To interact with Oxylabs’ APIs, you can either use an API client, such as Postman, or a preferred programming language that supports HTTP requests.

For the process of scheduling a job with Postman, check this video.

For the Python tutorial covering all functions of Scheduler, see the following section.

Automating a job using Amazon Scraper API and Python

Before continuing, let's review how to fetch product information from Amazon using Amazon Scraper API.

The typical code to fetch products from Amazon Scraper API is as follows:

import requests


payload = {
    "source": "amazon_product",  # returns product information
    "query": "B098FKXT8L", # ASIN
    "parse": True,
}


response = requests.post(
    "https://realtime.oxylabs.io/v1/queries",
    auth=("USERNAME", "PASSWORD"),
    json=payload,
)


print(response.json())

To learn more about scraping Amazon product data, see our blog post and review the documentation.

This guide will showcase how to create schedules instead of calling the API directly.

Creating a schedule

You’ll need the following information to create a schedule:

  • The API endpoint.
  • Your username and password.
  • A payload with parameters.

The API endpoint to create schedules: https://data.oxylabs.io/v1/schedules.

You’ll get your username and password when you sign up for a Scraper API.

Send your username and password as a basic authorization header. You can create an authorization token using the base64 Python package or online tools.

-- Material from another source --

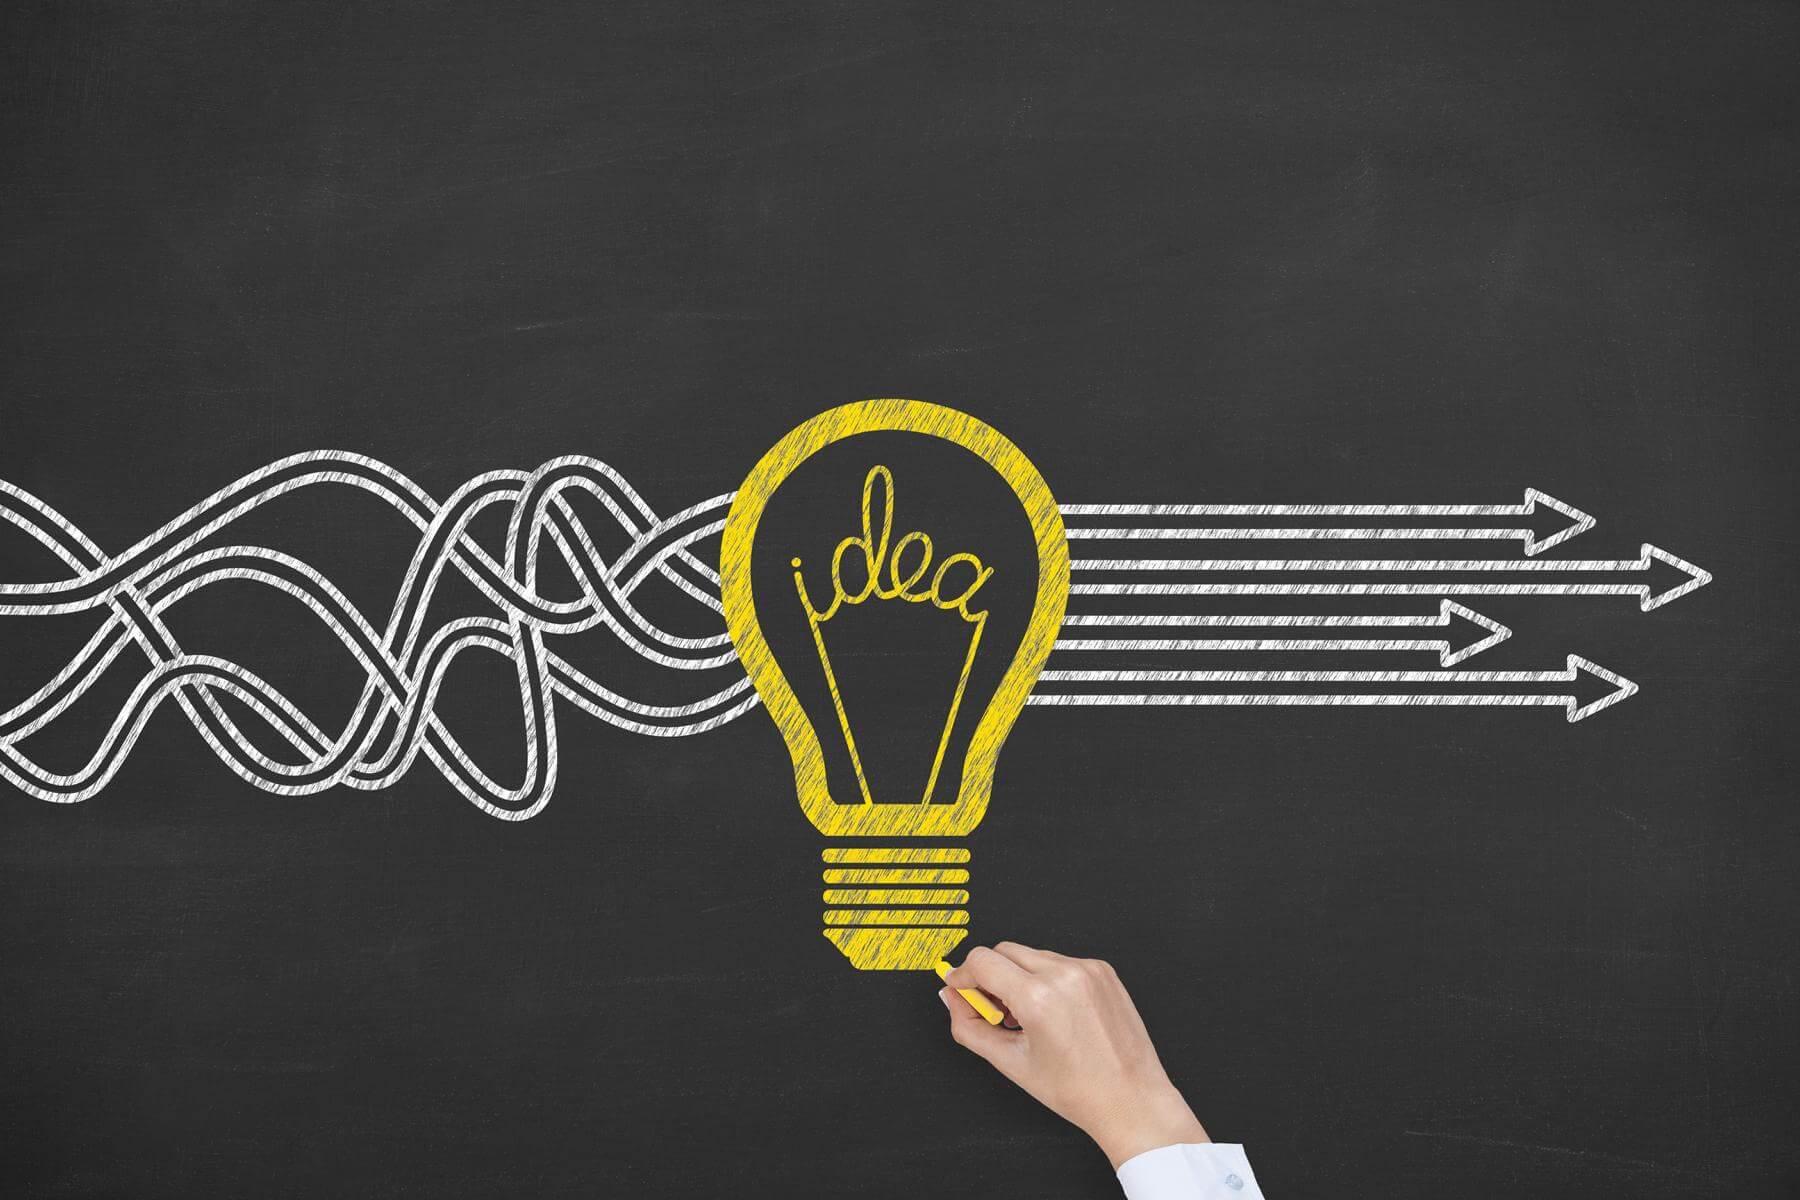 Business-Tools-Weiterbildungskurse-Gründungskompetenz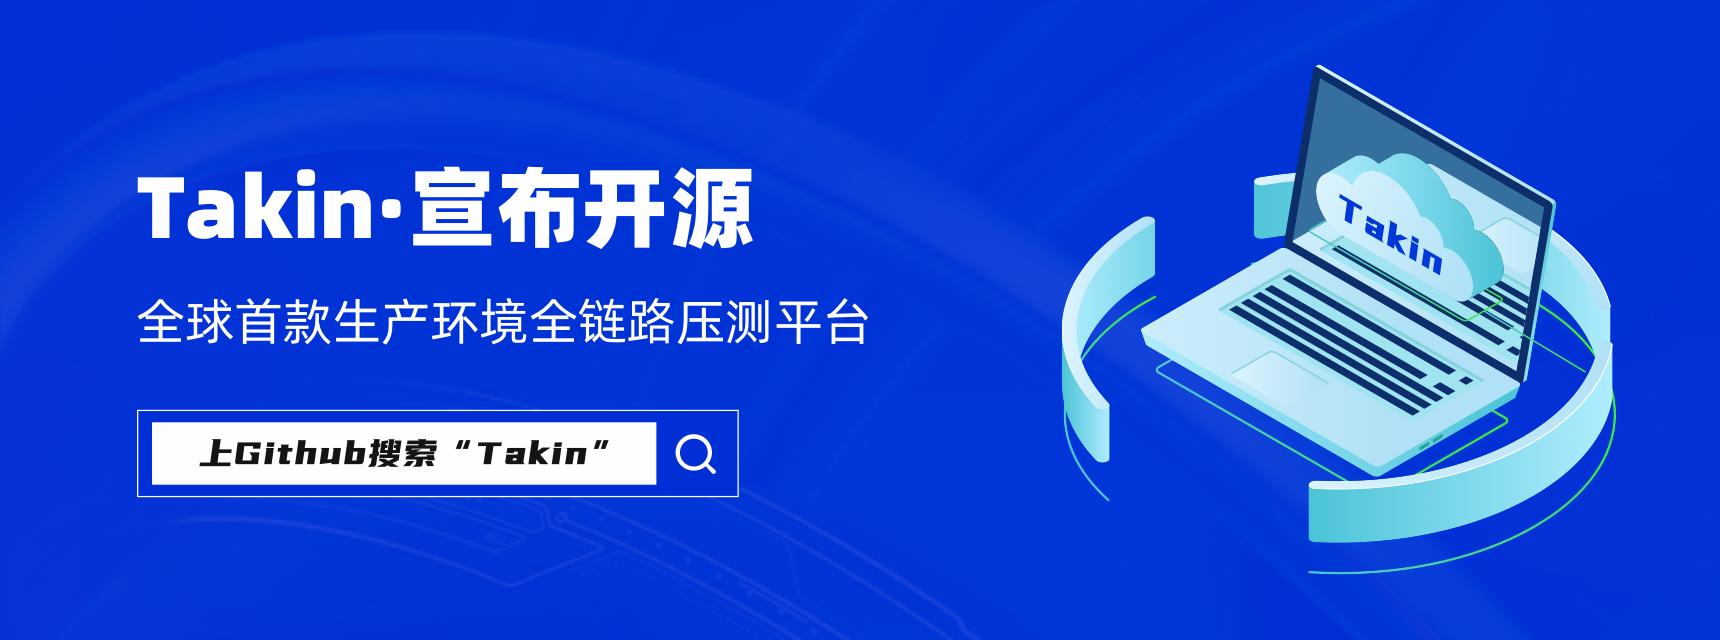 Takin宣布开源

For example, the string sampleuser:samplepwd, when translated to the base64 string, is c2FtcGxldXNlcjpzYW1wbGVwd2Q=.

Use this string to construct the Authorization header and send it with the header’s parameters: "Authorization": "Basic c2FtcGxldXNlcjpzYW1wbGVwd2Q=".

To create schedules using the API endpoint, send a POST request, including the following (mandatory) parameters in the request body:

  • cron
  • items
  • end_time

cron

The first parameter, cron, determines how often your schedule is repeated. The syntax is the same as a standard cron schedule expression.

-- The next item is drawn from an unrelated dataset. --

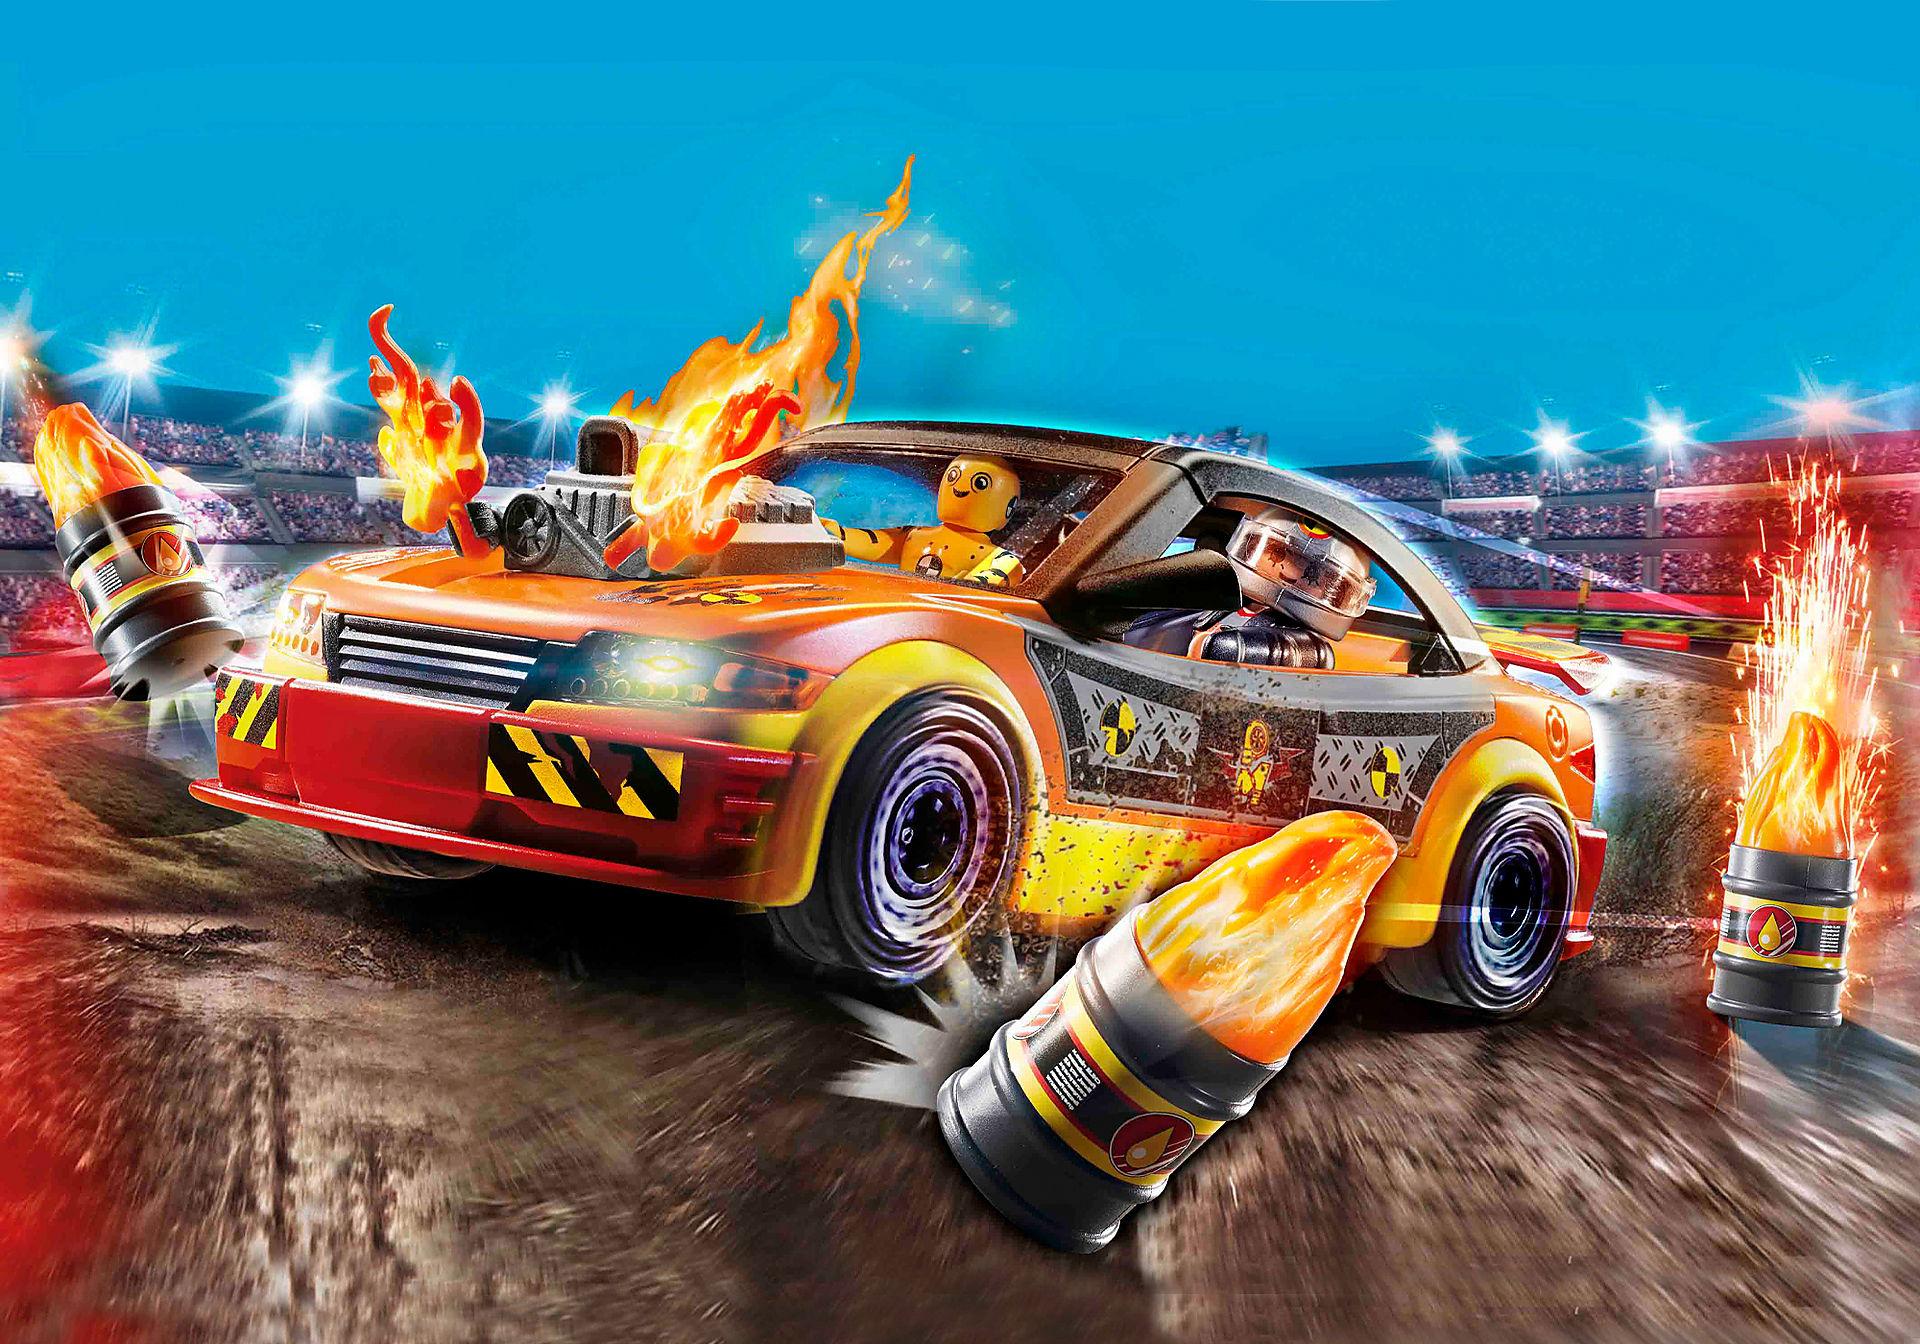 70551 Crash Car zoom image1

For example, to schedule your job to run at 4 pm every day, the expression is as follows: 0 16 * * *.

To learn more about cron schedule expressions, visit this site.

items

The second parameter, items, is a list of job parameters you want to execute as part of this schedule.

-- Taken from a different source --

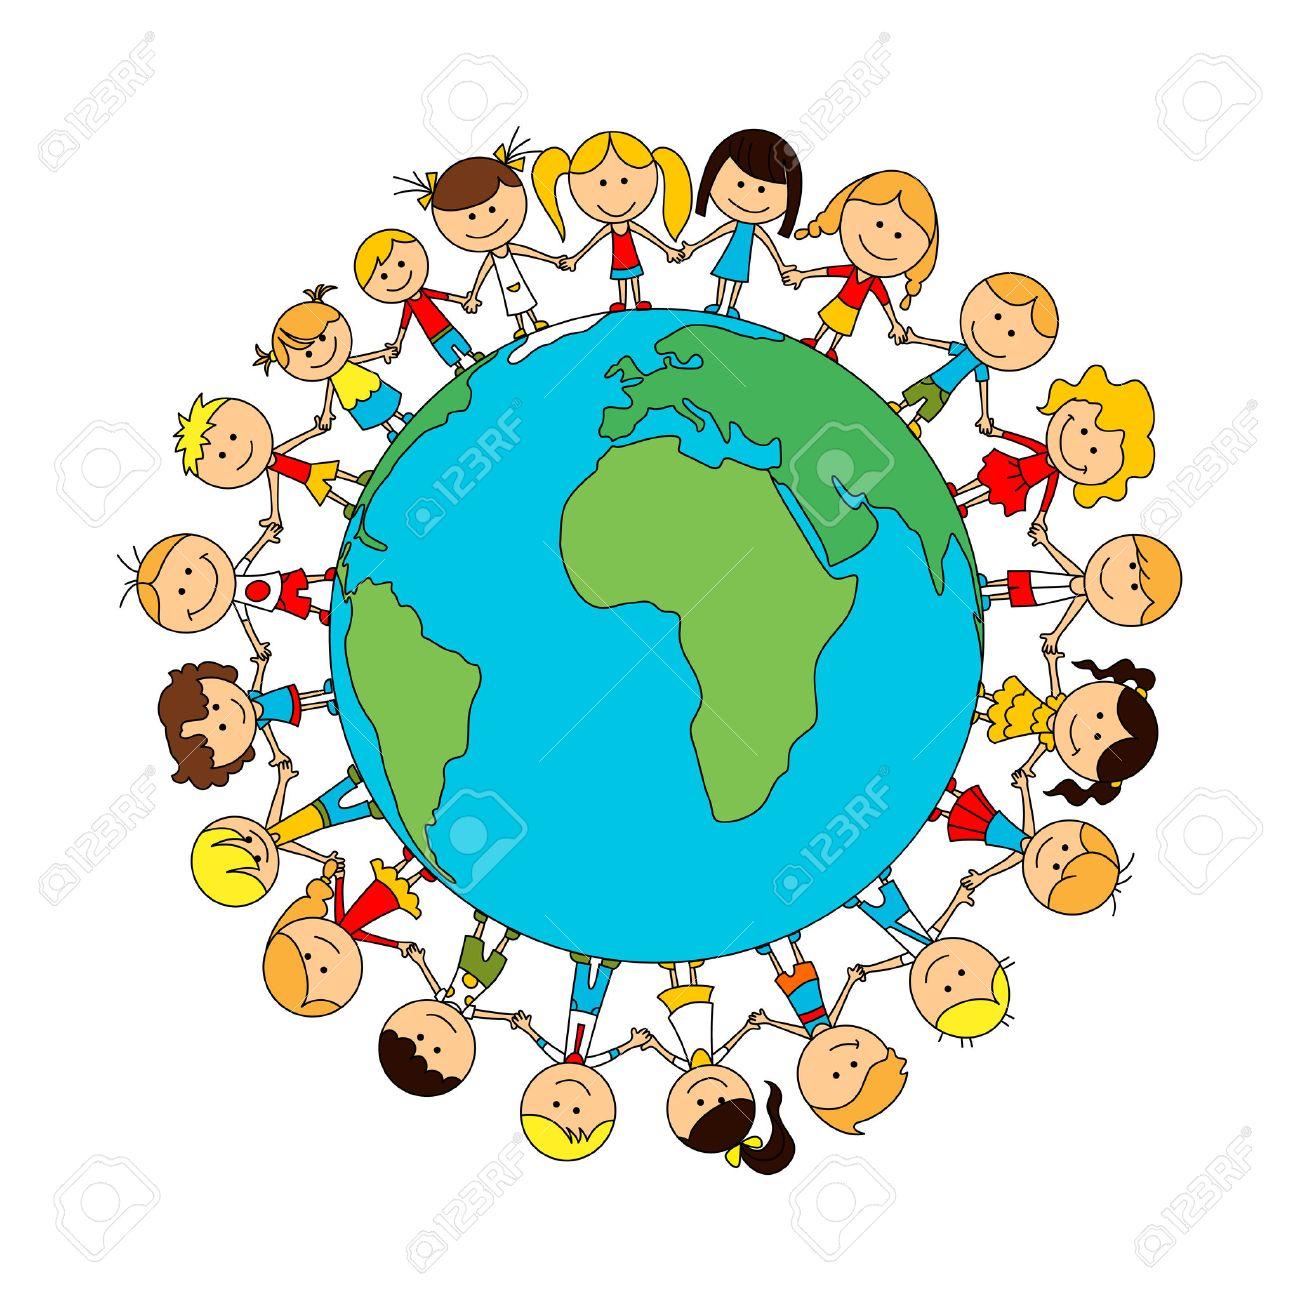 Children world friendship cartoon poster. Happy smiling kids around globe. Child unity and care concept vector symbol. Kindergarten boys and girls - 61616237

The items in this list are the payload you would send to the API:

{"source": "amazon_product", "query": "B098FKXT8L", "parse": True}

Send the same payload as items to Scheduler. For more information about the possible job parameter values, see our documentation.

end_time

The third parameter, end_time, determines when the scheduled job stops running. For example, to stop the job on the 1st of January, 2032, at 4 pm, the end_time parameter value would be as follows: "2032-12-01 16:00:00".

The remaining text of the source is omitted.